→ **DATA PROVIDED**:
++++++
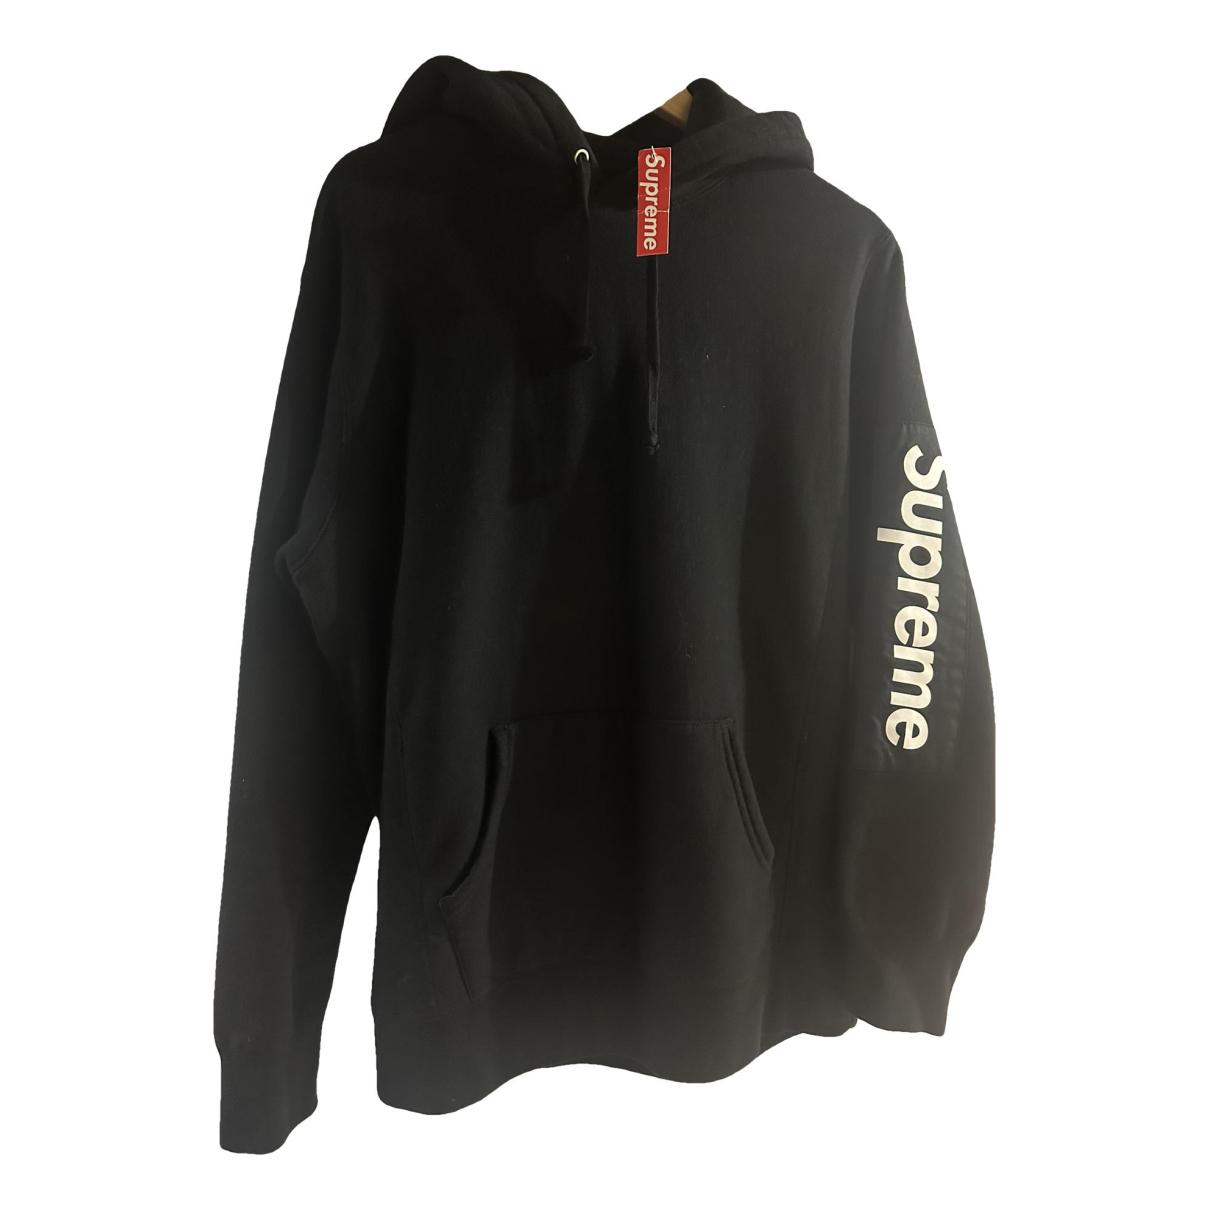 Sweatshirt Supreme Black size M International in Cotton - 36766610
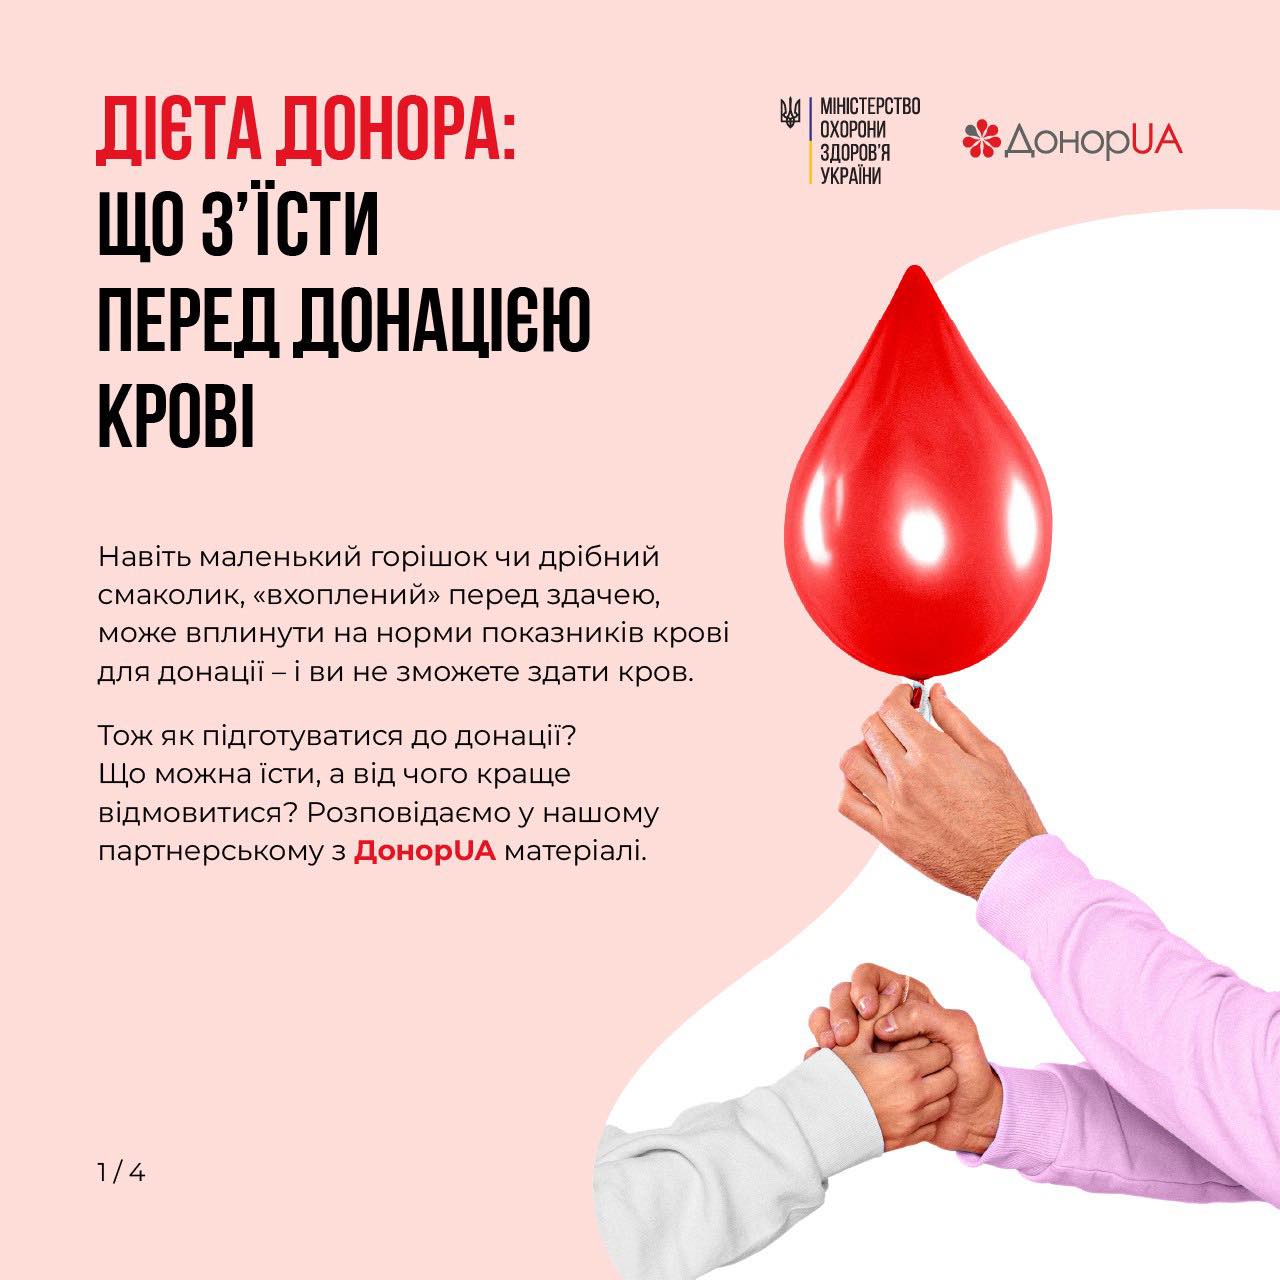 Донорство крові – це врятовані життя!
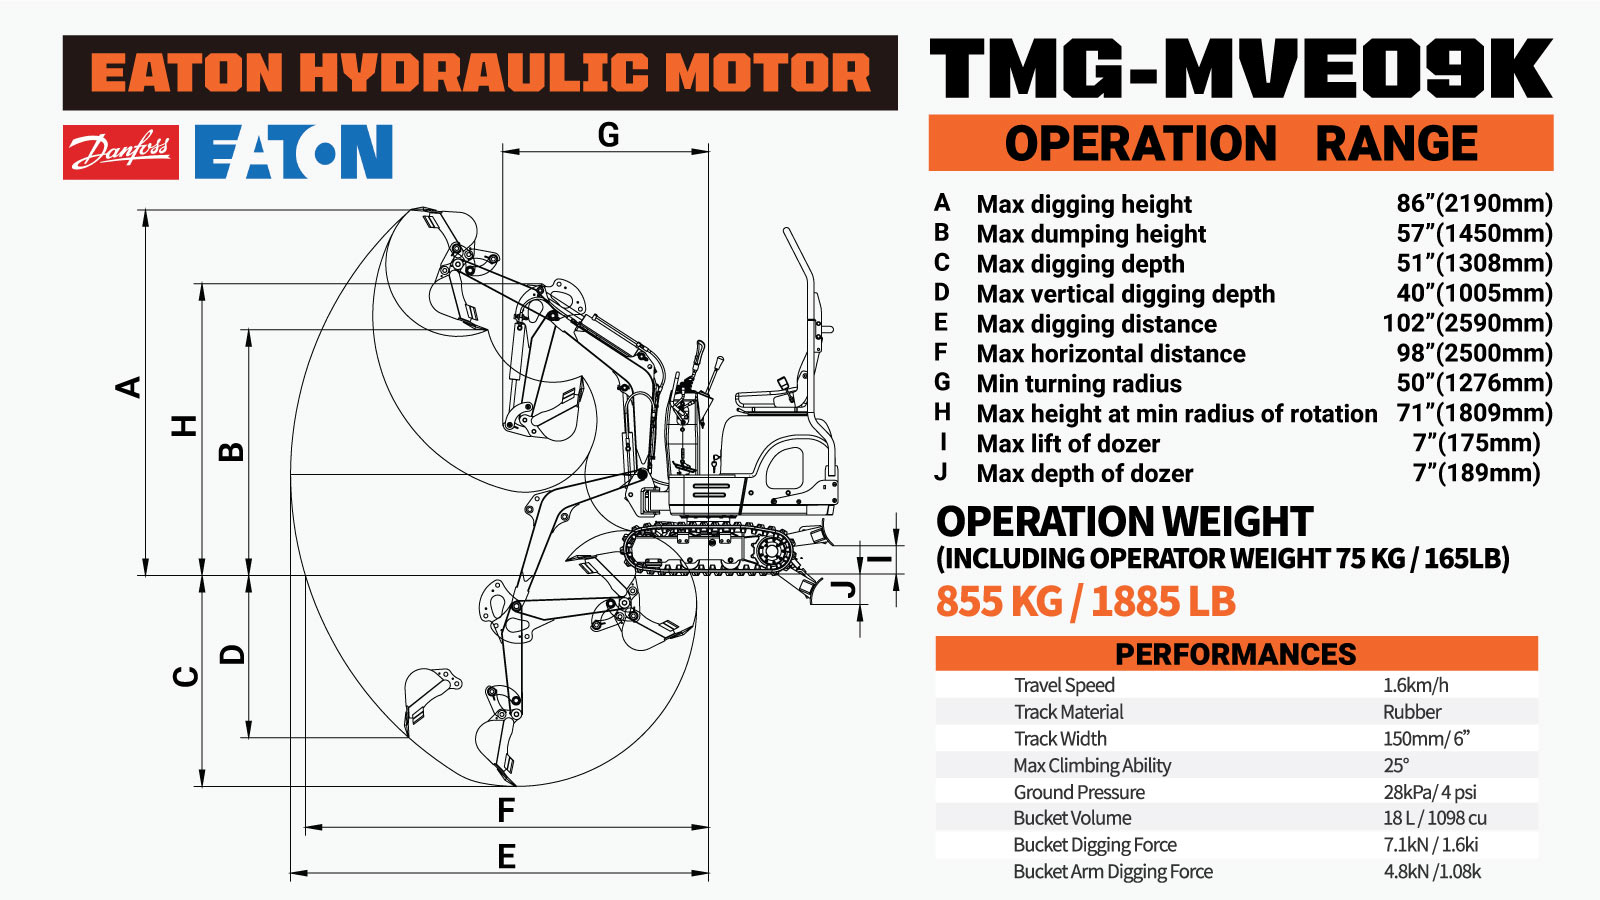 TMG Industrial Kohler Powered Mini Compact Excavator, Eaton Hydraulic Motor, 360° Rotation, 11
++++++
→ **INSTRUCTIONS FOR THE TASK**: Would you please retype the material above exactly and leave out each picture?

→ **ANSWER SECTION**:
 Sweatshirt Supreme Black size M International in Cotton - 36766610
 Донорство крові – це врятовані життя!
 TMG Industrial Kohler Powered Mini Compact Excavator, Eaton Hydraulic Motor, 360° Rotation, 11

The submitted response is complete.